Over the years, the political landscape of Bangladesh, much like so many other developing countries, has been inhabited by turbulence, mainly due to the contentions between the two major political parties – the Awami League (AL) headed by Sheikh Hasina, and the Bangladesh Nationalist Party (BNP) chaired by Khaleda Zia. In the last few months, the streets of Bangladesh have seen overwhelming protests by the opposition parties, BNP being the leading one, against the government of AL. Their demands include the resignation of Prime Minister Sheikh Hasina and establishing a caretaker set-up to hold the next General Elections, due in January 2024. The BNP’s demand for a neutral caretaker government set-up has been more consistent since last year, making it the hallmark of the Bangladeshi political landscape.

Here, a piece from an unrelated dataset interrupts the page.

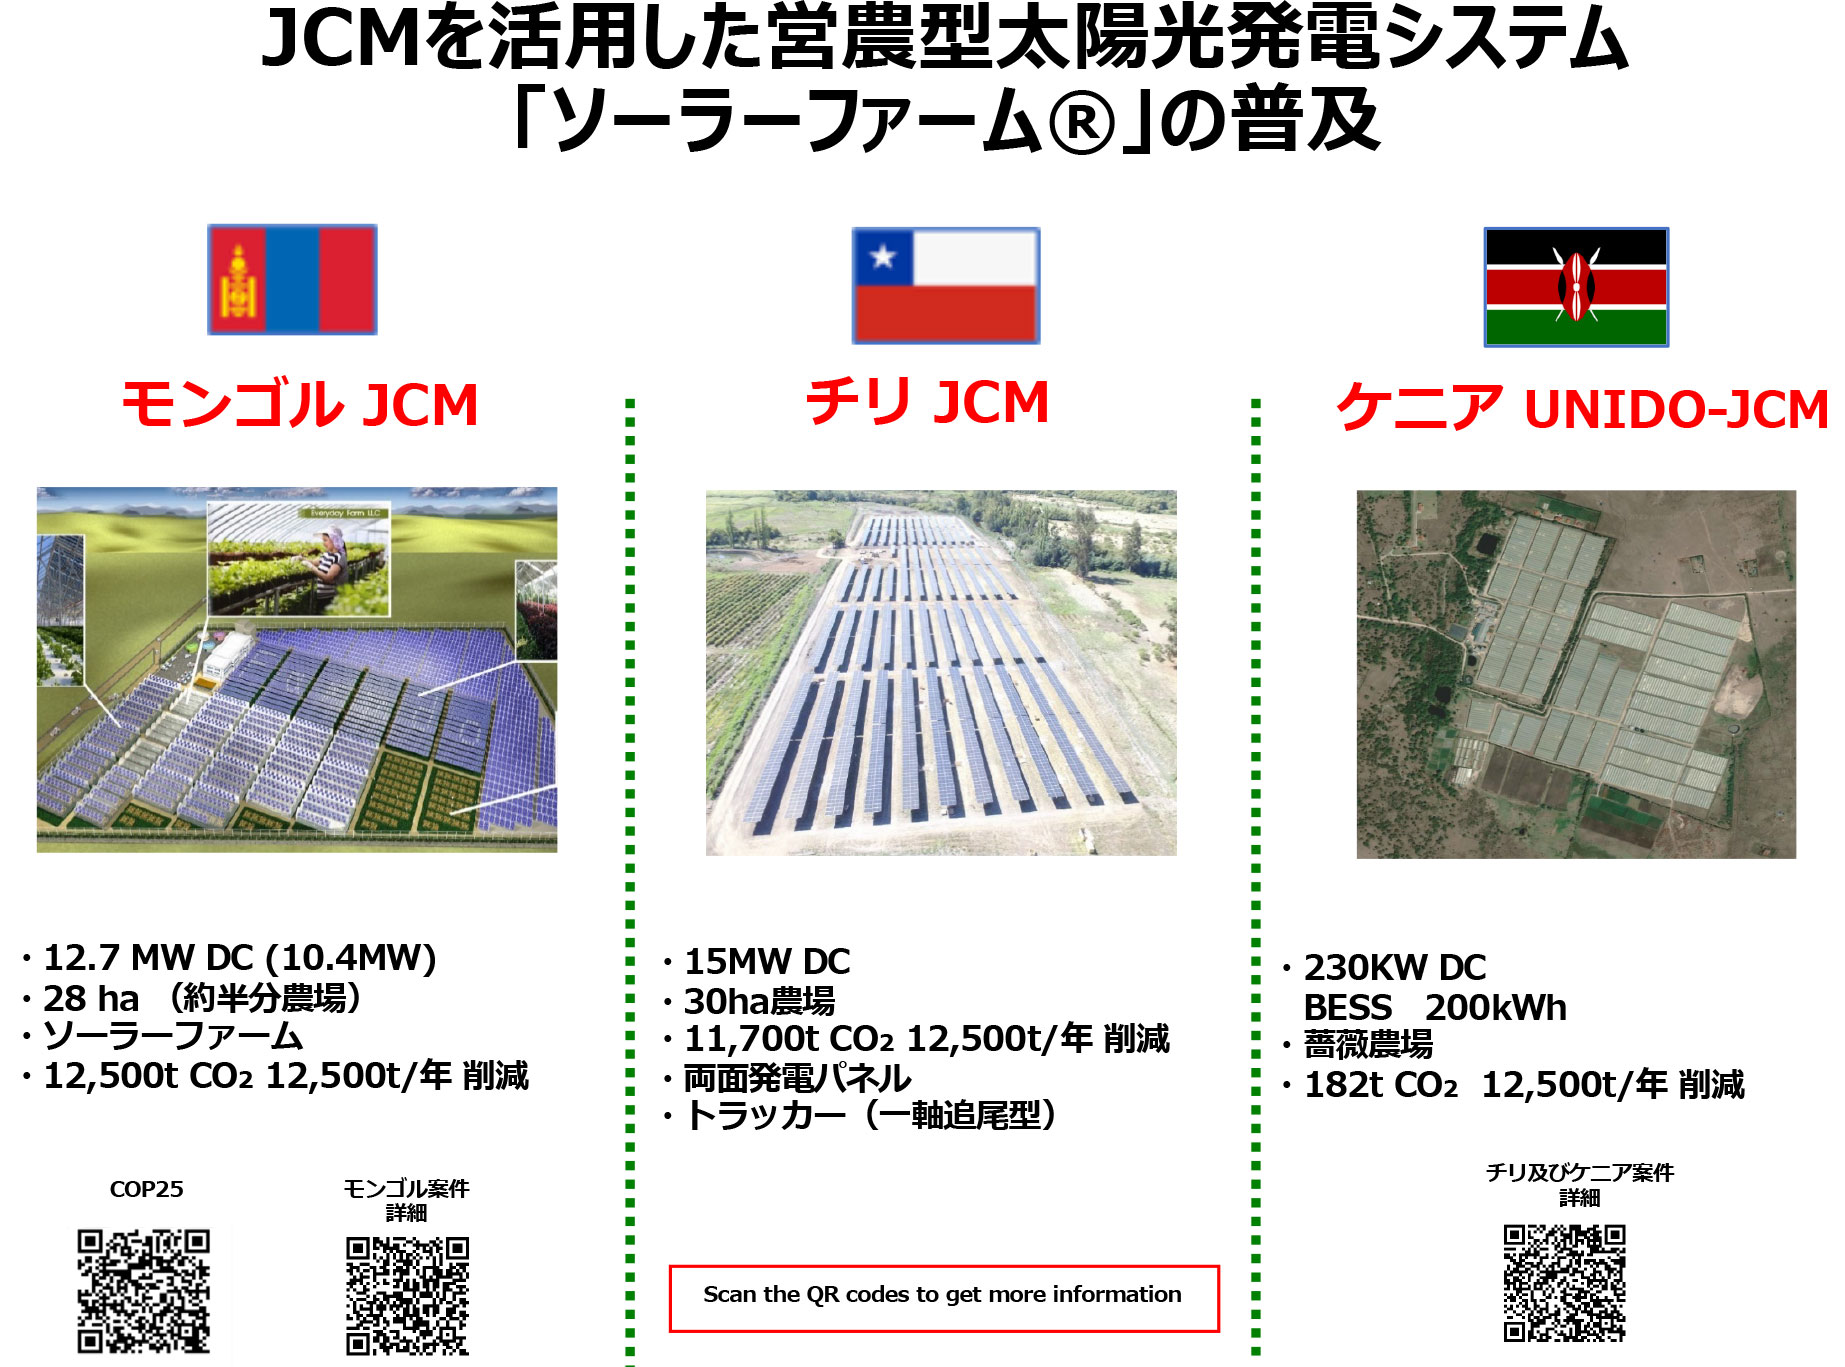 JCMを活用した営農型太陽光発電システム「ソーラーファーム®」の普及
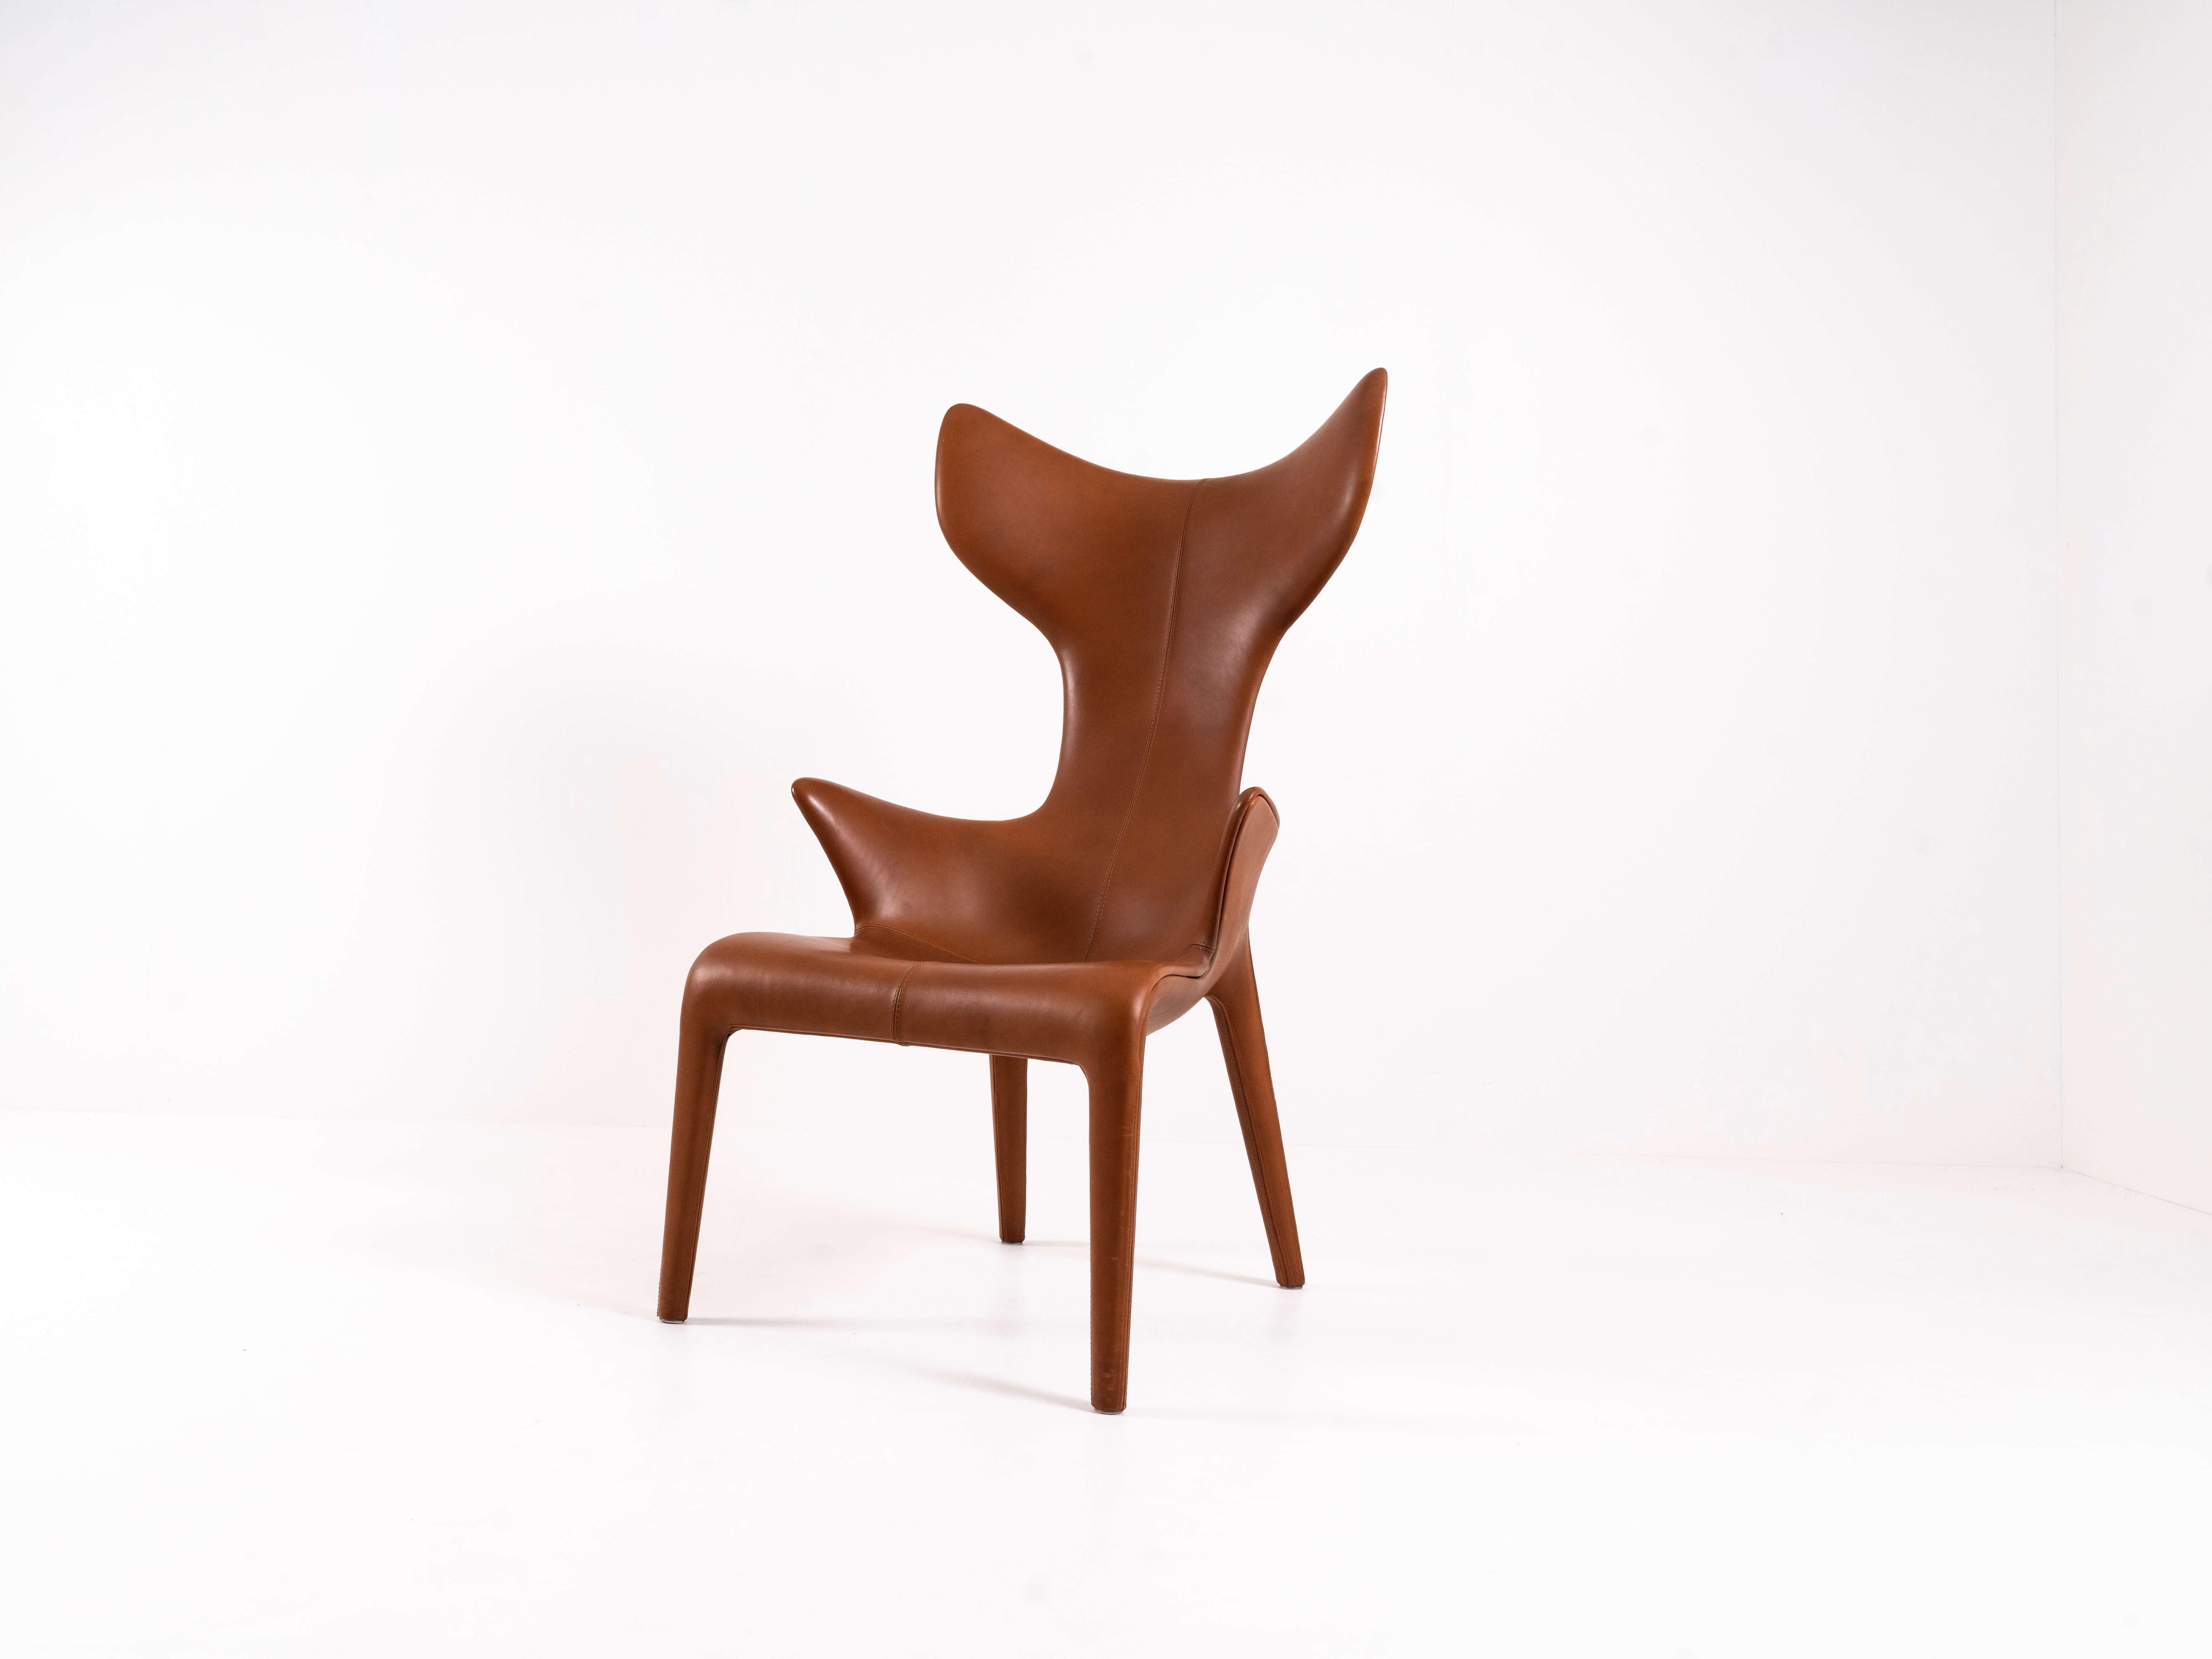 Chaise longue en cuir 'Lou Read' pour Driade. Ce fauteuil emblématique est conçu par Philippe Starck et Eugenio Quitllet. Ce modèle est conçu pour l'hôtel Monceau à Paris. La forme est très organique. Il a une structure en polyuréthane avec un

The political volatility in the country on the issue of a ‘caretaker government’ finds its roots in the events that transpired a few decades earlier. The caretaker government system was introduced in 1996 through the 13th Constitutional Amendment. It was the result of the political settlement as this system was demanded by a coalition of opposition parties led by the AL from the then-government of BNP. According to this constitutional amendment, the Jatiya Sangsad (Bangladeshi Parliament) and the Cabinet would be dissolved 90 days before the General Elections. Since then, interim set-ups administered the next three General Elections of 1996, 2001, and 2008. However, in 2011, during the AL’s tenure, the country’s highest court ruled against the caretaker government. Resultantly, it paved the way for the 15th Amendment, by the ruling party, abolishing the system of a neutral caretaker set-up. This constitutional provision triggered the BNP’s boycott of the elections in 2014. This later impacted its overall electoral standing in the elections of 2018 when Sheikh Hasina won third consecutive term and the BNP-led opposition alliance could only secure seven seats.
The BNP has been advocating about the scope of the caretaker government within the Constitution on the basis that the final verdict against the neutral interim set-up was signed by Justice ABM Khairul Haque after he retired. On the contrary, the government in power is adamant that there is no constitutional space for a caretaker government and that the current Election Commission is capable of overseeing the next General Elections. However, the alleged suppression of the protesting opposition parties by the government has made the BNP sceptical about the transparency of elections under the current administrative setting. In the absence of a neutral caretaker set-up, the BNP has once again announced to boycott the upcoming polls.
Given these developments, the sitting PM Sheikh Hasina Wajid has had to face significant reactions from international quarters about her government’s domestic troubles. The United States issued a stern visa policy for Bangladesh stating that the ‘USA would be able to restrict visas for any Bangladeshi individual believed to be responsible or complicit in undermining the democratic election process in Bangladesh’. This prompted a response from the Bangladeshi authorities where they reiterated their resolve to hold free and fair elections. Ironically (but unsurprisingly), the Prime Minister took a more aggressive stance and stated that the country was not worried about the US visa curbs since ‘it won’t matter at all if someone does not go to the US’.
Amidst pressure from the domestic and international front on the issue of prospective election engineering, the AL’s support base remains intact. According to a nationwide poll and focus group study by the International Republic Institute (IRI), although the public is discontent about the direction in which the country is heading and the opposition’s call for the interim government is gaining momentum, Sheikh Hasina is still popular among majority of the public. Her high approval rating has been mainly credited to her government’s policies on infrastructure and development. Even though elections are five months away and there can be a change in electoral trends, such surveys hint towards an uncertain election outcome while the opposition and government remain at loggerheads.
The prevalent stalemate, on the issue of an interim government between the government and the opposition, does not bode well for the electoral democracy of Bangladesh. It highlights that over the course of many years, the leading political parties, due to their mistrust of each other, have not been able to devise a substantive and lasting plan that can ensure a smooth transition of power in the country. Unfortunately, this situation is very familiar to the political landscape of many third world countries.
Free and fair electoral processes are essential cornerstones of a thriving democracy, particularly in developing nations where such processes play a pivotal role in reinforcing public trust and ensuring long-term stability. Embracing a transparent electoral system underscores a state’s commitment to democratic values. In light of this, it is important for key political entities, such as the AL and BNP, to engage in constructive dialogue. Recognising the historical tensions between them, it is all the more vital to prioritise the collective aspirations of the Bangladeshi people above individual/party differences. Addressing public concerns and working towards a consensus will not only safeguard the nation’s democratic fabric but also foster an environment where the trust of the Bengali populace in their democratic institutions remains steadfast.